Thursday, August 26, 2010

Checkpoint Charlie






Berlin may not be the most beautiful city in the world, but it certainly is a fascinating one.

Today we took ourselves to the very touristy Checkpoint Charlie and to the Mauermuseum which is just next door.

Even though Checkpoint Charlie is a bit campy now, with fake border-guards who charge you 2 euros to take their picture, it was pretty amazing to stand there drinking coffee and snapping photos happily in a place that at one point must have been absolutely terrifying for so many people.

Even more amazing to stand on this arbitrary spot and imagine that up until 20 years ago, it wasn't possible to even wander from one side of the street to the other.

The Mauermuseum was a bit arbitrary in its design and layout, but it had a fascinating array of photos and stories of uprisings, and failed and successful escape attempts. Some of these stories of human bravery, ingenuity, and desperation were just beyond imagining. To see photos of people escaping curled up under car engines, hiding in suitcases, jumping out of buildings, running through barbed wire, or sliding between buildings in home-made harnesses was just incredible. So difficult to be in this city as it is now and imagine how it used to be.

Later in the afternoon, we went for a walk in former East Berlin along Frankfurter Allee and Karl-Marx Allee. The difference in the architecture between East and West Berlin is marked. Both sides of the city had major rebuilding to do after the war, and the west side has its share of big, and not so attractive block buildings, which must have been cheap and fast to put up.

East Berlin has buildings and streets that are on an entirely different scale. There are information placards up along Karl Marx Allee, and we learned some pretty interesting facts. The beginning of Karl Marx Allee, which was originally named for Stalin, is a very wide boulevard with massive buildings running all along it. Nowhere that we've seen in the West has streets this wide or buildings so big.






The two towered structures that you can see here were meant, according to one quotation on the placard, to be an impressive and imposing first view of the first socialist boulevard. That's not an exact quote, but it's very close.

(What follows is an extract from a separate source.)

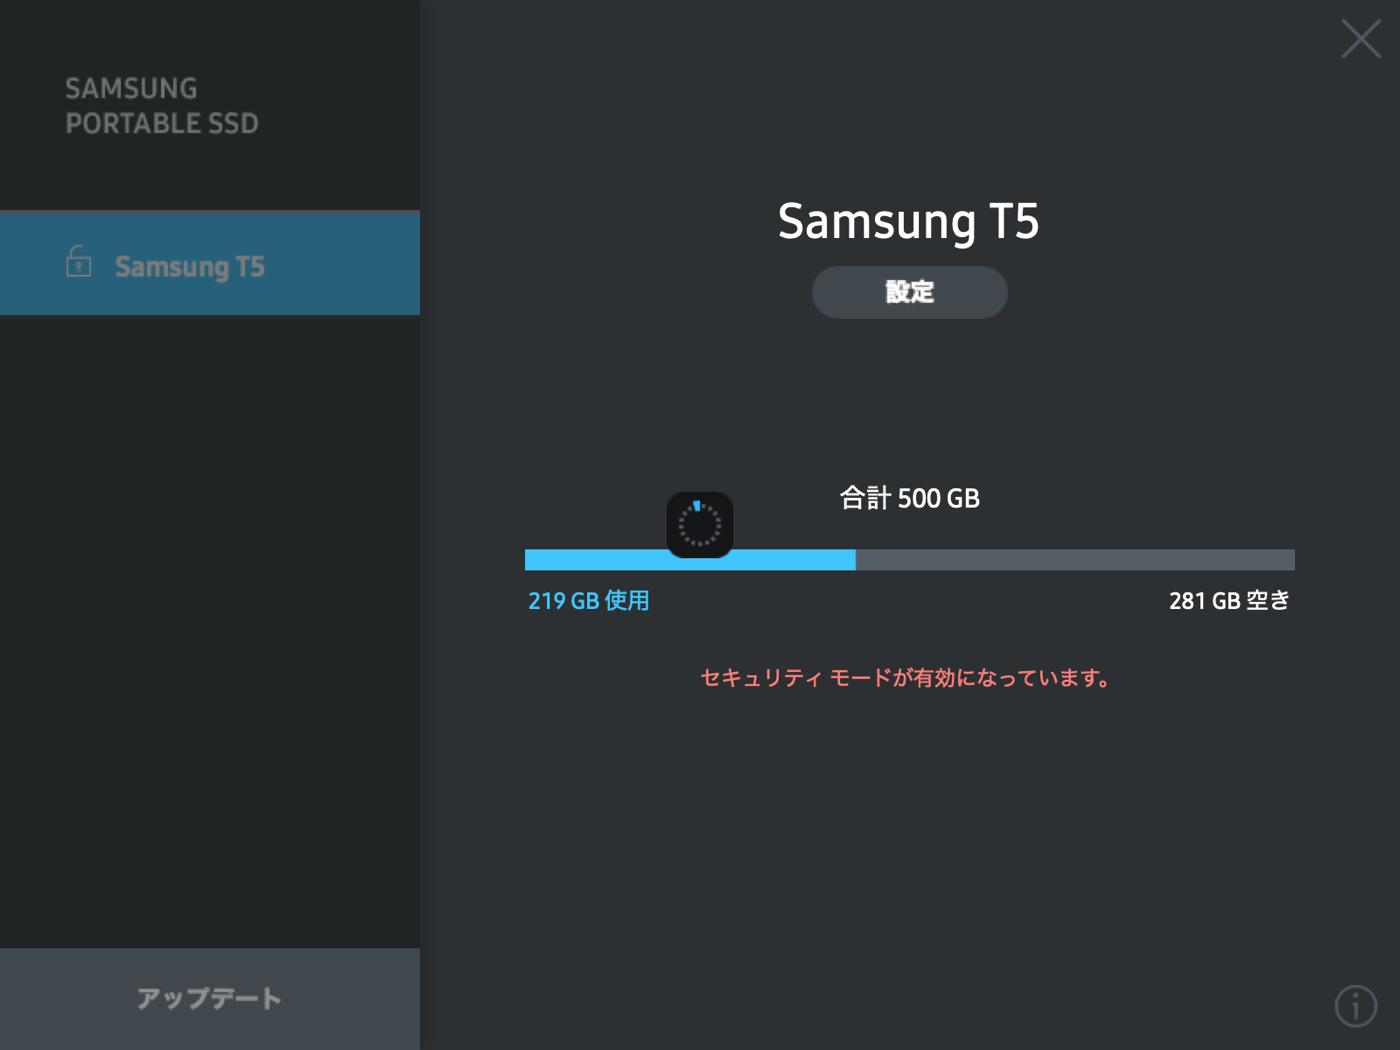 SamsungPortableSSD secutirymodeOFF 01

What really struck us as we walked along was the size of the buildings, the uniformity and, for lack of a more descriptive word, the ugliness of them. Apparently, the architects and planners of these buildings we sent to "study" in The Soviet Union, and there was a great photo on another one of these placards, showing a street in Moscow which looks exactly like where we were standing in Berlin.

The more we thought about these buildings, the more it made sense. These buildings are large, imposing, and personality-less. The regime wouldn't have wanted a city full of beautiful buildings. There should be no appearance of luxury, of individuality or creativity in its people so why should there be any in its architecture? The last thing they would have wanted was people looking at a beautiful building and feeling inspired, or creative, or moved to have their own thoughts, feelings, imagination or creativity.

There is a certain grittiness to this city, and its people seem to us to be a bit gritty as well, though not in an unfriendly way. There is a difficult history here that is still very real, and it seems to me that its people live with it on a daily basis, even if they are not consciously thinking about it.

Looking forward to the next few days and exploring even more.